25. Reverse Nodes in k-Group

Given a linked list, reverse the nodes of a linked list k at a time and return its modified list.

k is a positive integer and is less than or equal to the length of the linked list. If the number of nodes is not a multiple of k then left-out nodes in the end should remain as it is.

Example:

Given this linked list: 1->2->3->4->5

For k = 2, you should return: 2->1->4->3->5

For k = 3, you should return: 3->2->1->4->5

Note:

• Only constant extra memory is allowed.

• You may not alter the values in the list's nodes, only nodes itself may be changed.
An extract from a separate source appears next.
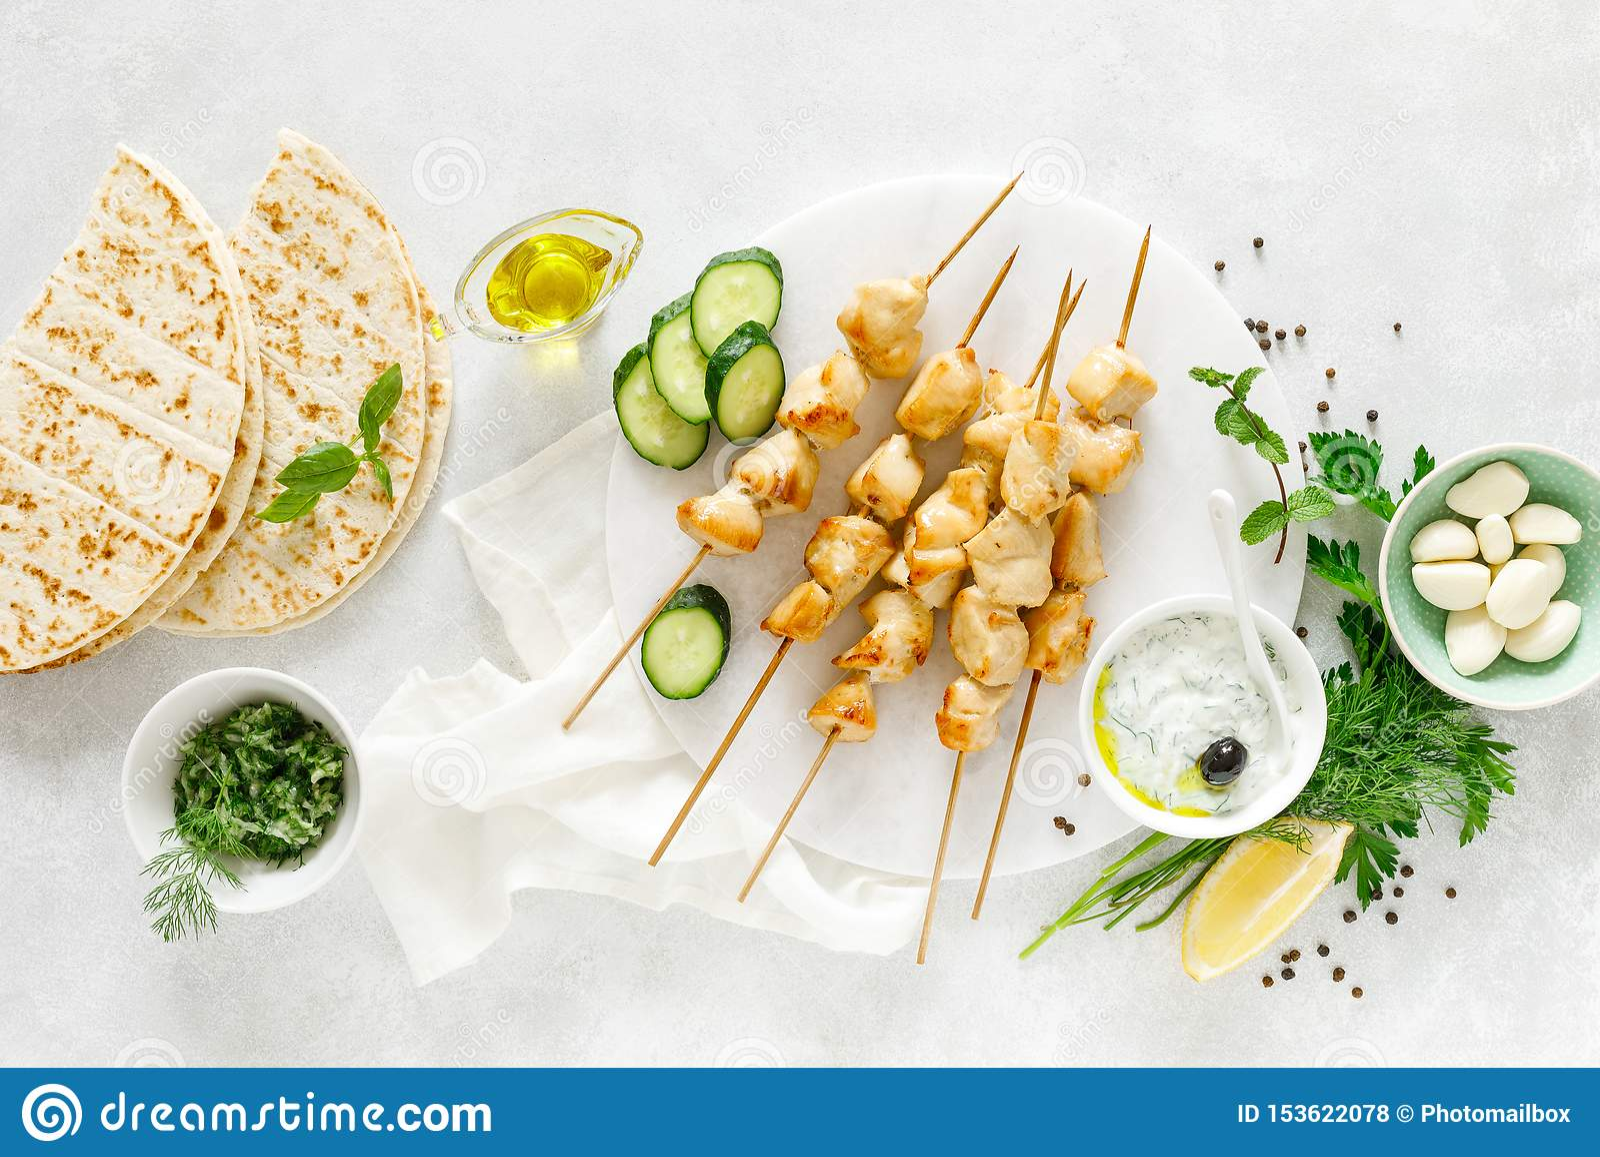 Grilled chicken kebab on skewers and traditional Greek tzatziki yogurt sauce

ListNode* reverseList(ListNode* pre, ListNode* next) {
    ListNode *last = pre->next, *cur = last->next;
    while (cur != next) {
        last->next = cur->next;
        cur->next = pre->next;
        pre->next = cur;
        cur = last->next;
    }
    return last;
}
ListNode* reverseKGroup(ListNode* head, int k) { // time: O(n * k); space: O(1)
    if (!head || k == 1) return head;
    ListNode *dummy = new ListNode(-1);
    dummy->next = head;
    ListNode *cur = head, *pre = dummy;
    int i = 0;
    while (cur) {
        ++i;
        if (i % k == 0) {
            pre = reverseList(pre, cur->next);
            cur = pre->next;
        } else {
            cur = cur->next;
        }
    }
    ListNode *res = dummy->next;
    delete dummy;
    return res;
}

ListNode* reverseKGroup(ListNode* head, int k) { // time: O(n * k); space: O(1)
    ListNode* dummy = new ListNode(-1);
    ListNode *pre = dummy, *cur = head;
    dummy->next = head;
    int count = 0;
    while (cur) {
        ++count;
        cur = cur->next;
    }
    while (count >= k) {
        cur = pre->next;
        for (int i = 1; i < k; ++i) {
            ListNode *t = cur->next;
            cur->next = t->next;
            t->next = pre->next;
            pre->next = t;
        }
        pre = cur;
        count -= k;
    }
    ListNode* res = dummy->next;
    delete dummy;
    return res;
}